To be clear, I think I personally usually cc related guys. Yup, if I were fixing this codes, I would have cc'ed you @gatorsmile because I agree that it's good to do. Sure, more eyes are better. Sure, I think I am personally trying to support you and other committers to review and roll it better.

I left a comment only because It sounded to cc few specific committers as a requirement because it's not quite what has been on my mind.

@vanzin
Copy link
Contributor Author

vanzin commented Jan 24, 2018

My only concern is we should notify people who wrote the code

Like, ahem, me? (Check this code history. I've worked on quite a good chunk of it over time.)

I agree with what @HyukjinKwon said here. A policy of "some people are required to be pinged on every PR in a certain module" is exactly what was voted down by the PMC. We already have a huge bandwidth problem with reviews, we should be encouraging committers (and other contributors) to be more active, not discouraging them that with that sort of policy.

@vanzin vanzin deleted the SPARK-17088 branch January 24, 2018 18:22
@gatorsmile
Copy link
Member

gatorsmile commented Jan 24, 2018

Thank you for your previous contributions! In the recent few releases, there are major refactoring in the related codes. The codes do not belong to anybody. Our goal is to build the best-quality Spark and benefit more people.

To improve the code quality, we always encourage more reviews from the committers and contributors, especially the ones who are active in the related code base. That is why I suggested above to ping me and @cloud-fan when the community does the change in Spark SQL.

Thanks again about your contributions always!

@vanzin
Copy link
Contributor Author

vanzin commented Jan 24, 2018

That is why I suggested above to ping me and @cloud-fan when the community does the change in Spark SQL.

The point I'm making (and I believe Hyukjin too) is that it should be the opposite. If you want to be involved in all these reviews, it's up to you to monitor what's going on. A new contributor, for example, cannot know who to ping when he wants to make a change.

And I hope you see how "x and y must be pinged in any SQL review" goes against the idea that the project is owned by all committers, not just a few of them.

@srowen
Copy link
Member

srowen commented Jan 24, 2018

Yes I'm not following, @gatorsmile. You're saying there are no owners but wanted to revert a change because you felt it was code that should only change with your review. You're correct that there are no formal owners and that this all relies on proactive review and proactive ping. We have to balance expediency with the cost of occasional post hoc review .

Above you suggested you hadn't really looked at this change, and I don't see any specific objection you have. Reverting would have been well out of line.

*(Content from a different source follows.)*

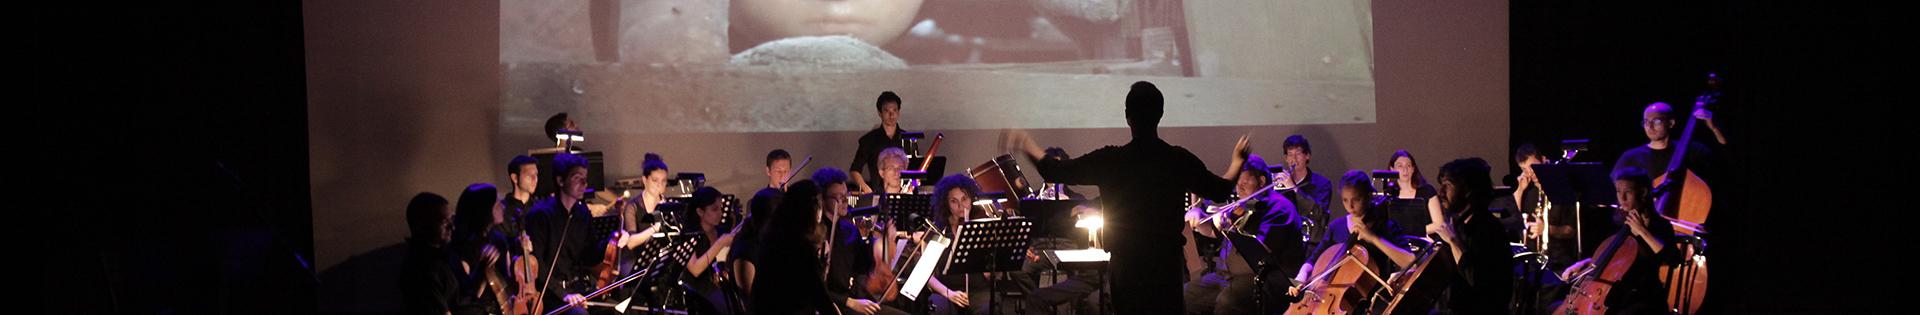 The Revolution Series at the Israeli Opera

This seemed fine process wise until that point.

@gatorsmile
Copy link
Member

Yeah. That is a valid argument for the new contributors, but it is not true for the active contributors and committers like you and me.

Let me give an example. I am not familiar with the code base of SHS, but at least, I knew you did most of the work recently. I will ping you before merging the code changes, although I have the right to merge it without notifying you. Do you think this suggestion is good to improve the code quality of SHS?

WDYT? @srowen

@vanzin
Copy link
Contributor Author

vanzin commented Jan 24, 2018

I am not familiar with the code base of SHS

Please leave the strawmen out of the discussion. I am familiar with this part of the code base, you just believe I'm not.

@srowen
Copy link
Member

srowen commented Jan 24, 2018

I think @vanzin is as qualified to modify this code as anyone. I defer to your and his judgment about who really needs to weigh in, if anyone, before merging. We don't, and can't, efficiently operate otherwise. If this had resulted in a breakage or error, I'd expect the author to learn that, actually, modifying this code is more tricky than expected and really does need a second set of eyes next time.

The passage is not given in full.